司馬遼太郎「妖怪」を講談社文庫(1973)で読む。昭和42年から43年にかけて読売新聞に連載されたもの。応仁の乱前夜、室町時代の頽廃期を描いた619ページ大長編。
こいつはBOで110円で売られていたので確保しておいたもの。こんな作品があったことを現物を見るまで知らなかった。

熊野で亡母から室町幕府6代将軍足利義教の落胤と言われて育った源四郎は、母を失うと将軍になろうと決意して京に向かう。途中で腹大夫と出会い行動を共にする。
京では日野家の屋敷へ。当主日野勝光は源四郎の言う足利義教の落胤を信じないのだが、食客として屋敷に置いておく。

8代将軍義政の御台所日野富子も源四郎を品のある顔であると気づくのだが落胤とは考えない。母の氏素性すらもわからないのだから。

あれ?時代小説を読んでたつもりだったのだが、途中から妖怪物の怪と戦う幻想怪奇娯楽小説になっている。将軍御所の実力者今御料人ですら物の怪のように源四郎を惑わす。京の印地(ヤクザ者)となった腹大夫は神も仏も物の怪も信じないのだが、お今の屋敷で唐天子の幻術に惑わされる。

源四郎は日野屋敷を出奔して3年、関東で剣術修行と兵法を学ぶ。唐天子を斬るためにふたたび京に戻ってきたのだが、想うのは日野富子のことばかり。
生活のため盗賊団の首領となったりする。お今の屋敷に足利家の宝刀を盗みに入ったり、富子の関所を一揆で襲撃したり。しかし毎回毎回唐天子の幻術に翻弄。
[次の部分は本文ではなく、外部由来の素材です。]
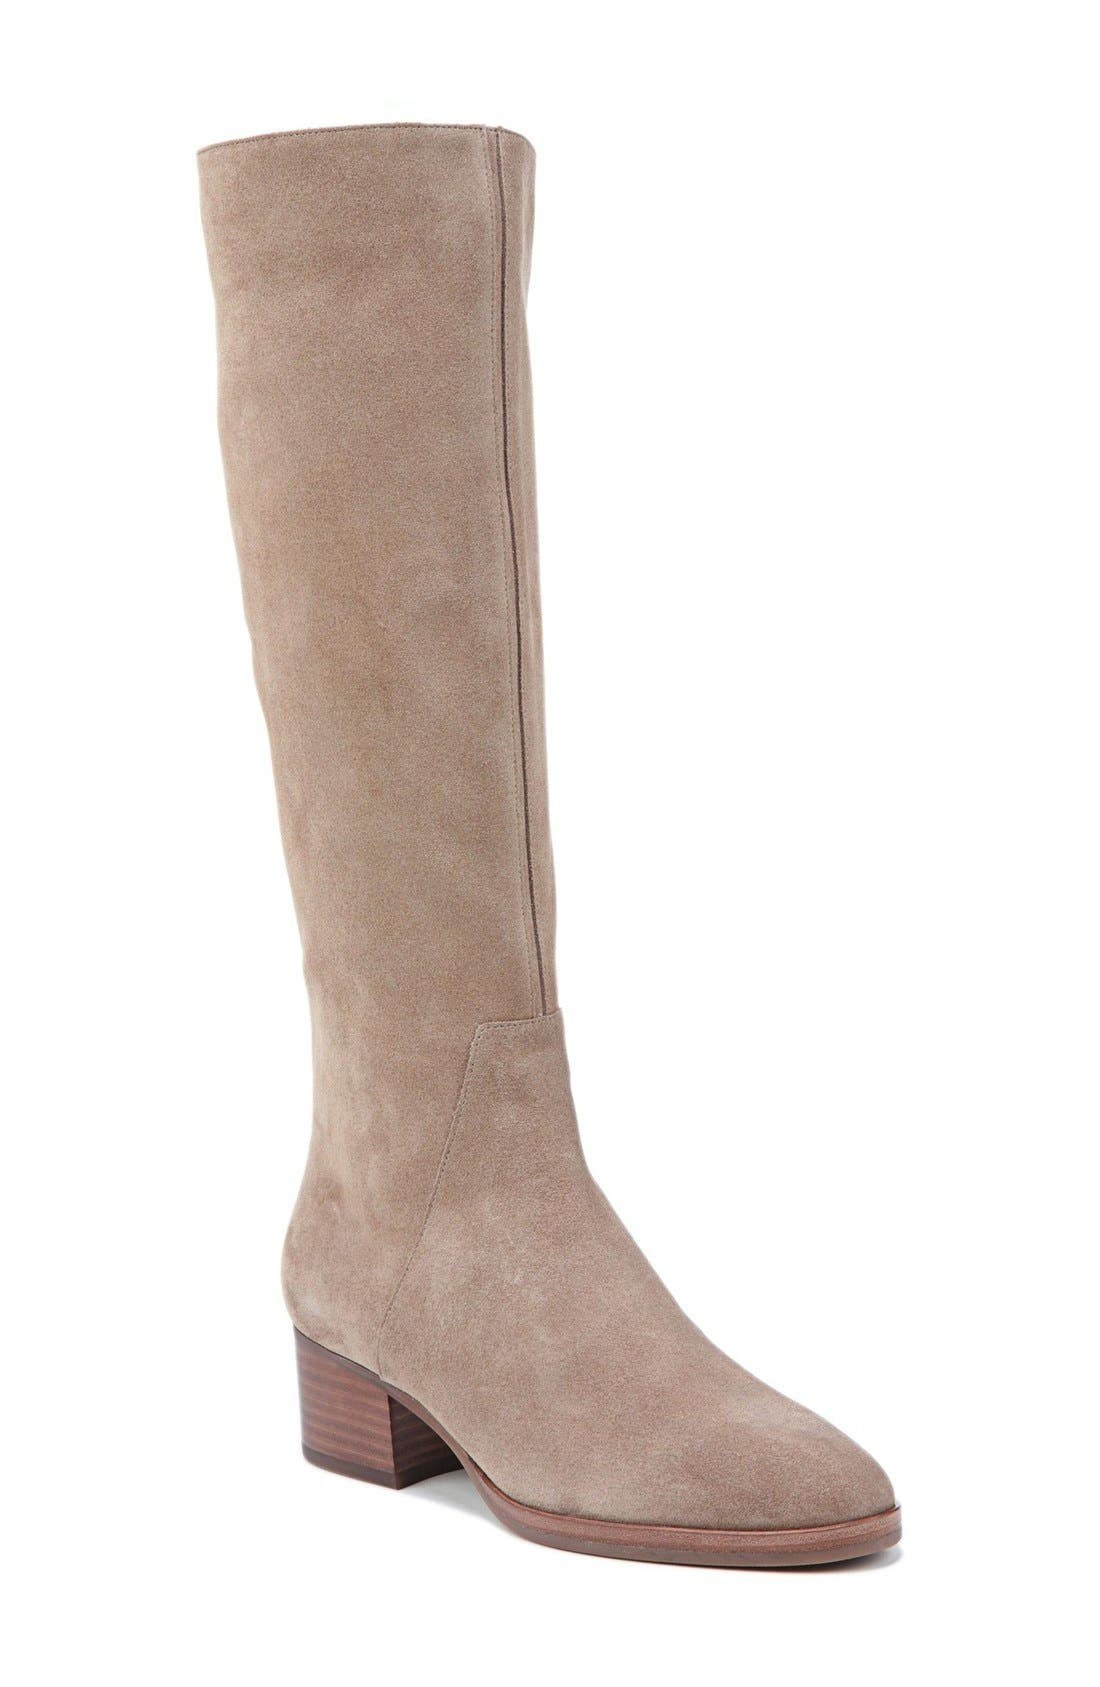 Main Image - Via Spiga 'Odella' Tall Boot (Women)

読んでも読んでもずっと幻術。夢か幻か。ずーっとそんな繰り返し。いい加減に飽きて来たw
今まで読んできたどの司馬遼太郎とも違ってた。思わせぶりに登場した人物がその後はぜんぜん登場しなかったりする。司馬の文体のリズムとテンポと理屈とも違ってた。困惑。

富子は一揆の背後にお今がいると知らされる。お今を除かねばならない。そこで兄勝光は山名宗全を頼る。富子が妊娠したらしい。男児を産んだら後見人に山名を指名する約束。
一方で将軍義政は男児が生まれるのを諦め、出家していた弟義尋を養子に考える。幕府ナンバー2の菅領細川勝元を味方に引き入れる。

細川は将軍より足利家重代の鬼斬りの太刀をお今から取り返すために、お今が唐天子を使って富子のお腹の子が流れる呪詛をした罪で捕える。お今を琵琶湖の沖ノ島へ遠流。
源四郎と腹大夫は細川の家来に。そして京は応仁の戦乱の世へ。

これは司馬遼太郎の妖怪幻戯ファンタジーラノベ?室町時代の頽廃を描くとすれば夢と現実と行き来するようなものにするしかなかったのかも。

歴史のお勉強のつもりで手に取ったのだが、まるで少年ジャンプを好きな箇所から読むような内容だった。
てか、この連載につきあった読者がほんとうにいたのか?こんなのとっくに打ち切りになってもおかしくない。はちゃめちゃだし気まぐれすぎる。とてつもなく長かったのに急に終わって何もしみじみ感慨がない。